- **Task instructions**
Once the line containing "Medieval armor-clad mice" is found, copy it and each subsequent line exactly. Stop at the end of the records below.

[Data items]
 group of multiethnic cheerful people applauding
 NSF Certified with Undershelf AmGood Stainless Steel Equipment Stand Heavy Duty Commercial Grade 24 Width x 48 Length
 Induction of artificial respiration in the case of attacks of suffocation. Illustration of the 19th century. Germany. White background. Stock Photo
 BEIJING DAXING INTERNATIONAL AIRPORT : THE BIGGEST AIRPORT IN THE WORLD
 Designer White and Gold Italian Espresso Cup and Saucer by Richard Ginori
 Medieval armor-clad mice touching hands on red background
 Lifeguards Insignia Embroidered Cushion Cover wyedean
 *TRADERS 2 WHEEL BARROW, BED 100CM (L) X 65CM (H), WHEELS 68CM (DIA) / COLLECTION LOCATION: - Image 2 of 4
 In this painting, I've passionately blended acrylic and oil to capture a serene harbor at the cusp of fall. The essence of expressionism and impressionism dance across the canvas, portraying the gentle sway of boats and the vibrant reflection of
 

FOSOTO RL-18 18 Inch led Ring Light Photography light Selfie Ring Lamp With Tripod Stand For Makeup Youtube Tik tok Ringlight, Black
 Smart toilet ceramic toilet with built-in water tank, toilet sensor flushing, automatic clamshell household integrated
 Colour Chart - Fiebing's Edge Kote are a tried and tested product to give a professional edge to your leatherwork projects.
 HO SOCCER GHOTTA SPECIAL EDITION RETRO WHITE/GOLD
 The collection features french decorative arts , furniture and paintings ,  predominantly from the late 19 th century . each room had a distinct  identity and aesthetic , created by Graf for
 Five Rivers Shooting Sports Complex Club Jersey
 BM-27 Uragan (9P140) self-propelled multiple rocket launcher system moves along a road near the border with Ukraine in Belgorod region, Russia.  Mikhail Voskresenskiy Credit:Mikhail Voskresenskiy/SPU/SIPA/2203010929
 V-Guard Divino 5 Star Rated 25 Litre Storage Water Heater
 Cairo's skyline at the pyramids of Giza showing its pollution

- **Answer space**
 Medieval armor-clad mice touching hands on red background
 Lifeguards Insignia Embroidered Cushion Cover wyedean
 *TRADERS 2 WHEEL BARROW, BED 100CM (L) X 65CM (H), WHEELS 68CM (DIA) / COLLECTION LOCATION: - Image 2 of 4
 In this painting, I've passionately blended acrylic and oil to capture a serene harbor at the cusp of fall. The essence of expressionism and impressionism dance across the canvas, portraying the gentle sway of boats and the vibrant reflection of
 

FOSOTO RL-18 18 Inch led Ring Light Photography light Selfie Ring Lamp With Tripod Stand For Makeup Youtube Tik tok Ringlight, Black
 Smart toilet ceramic toilet with built-in water tank, toilet sensor flushing, automatic clamshell household integrated
 Colour Chart - Fiebing's Edge Kote are a tried and tested product to give a professional edge to your leatherwork projects.
 HO SOCCER GHOTTA SPECIAL EDITION RETRO WHITE/GOLD
 The collection features french decorative arts , furniture and paintings ,  predominantly from the late 19 th century . each room had a distinct  identity and aesthetic , created by Graf for
 Five Rivers Shooting Sports Complex Club Jersey
 BM-27 Uragan (9P140) self-propelled multiple rocket launcher system moves along a road near the border with Ukraine in Belgorod region, Russia.  Mikhail Voskresenskiy Credit:Mikhail Voskresenskiy/SPU/SIPA/2203010929
 V-Guard Divino 5 Star Rated 25 Litre Storage Water Heater
 Cairo's skyline at the pyramids of Giza showing its pollution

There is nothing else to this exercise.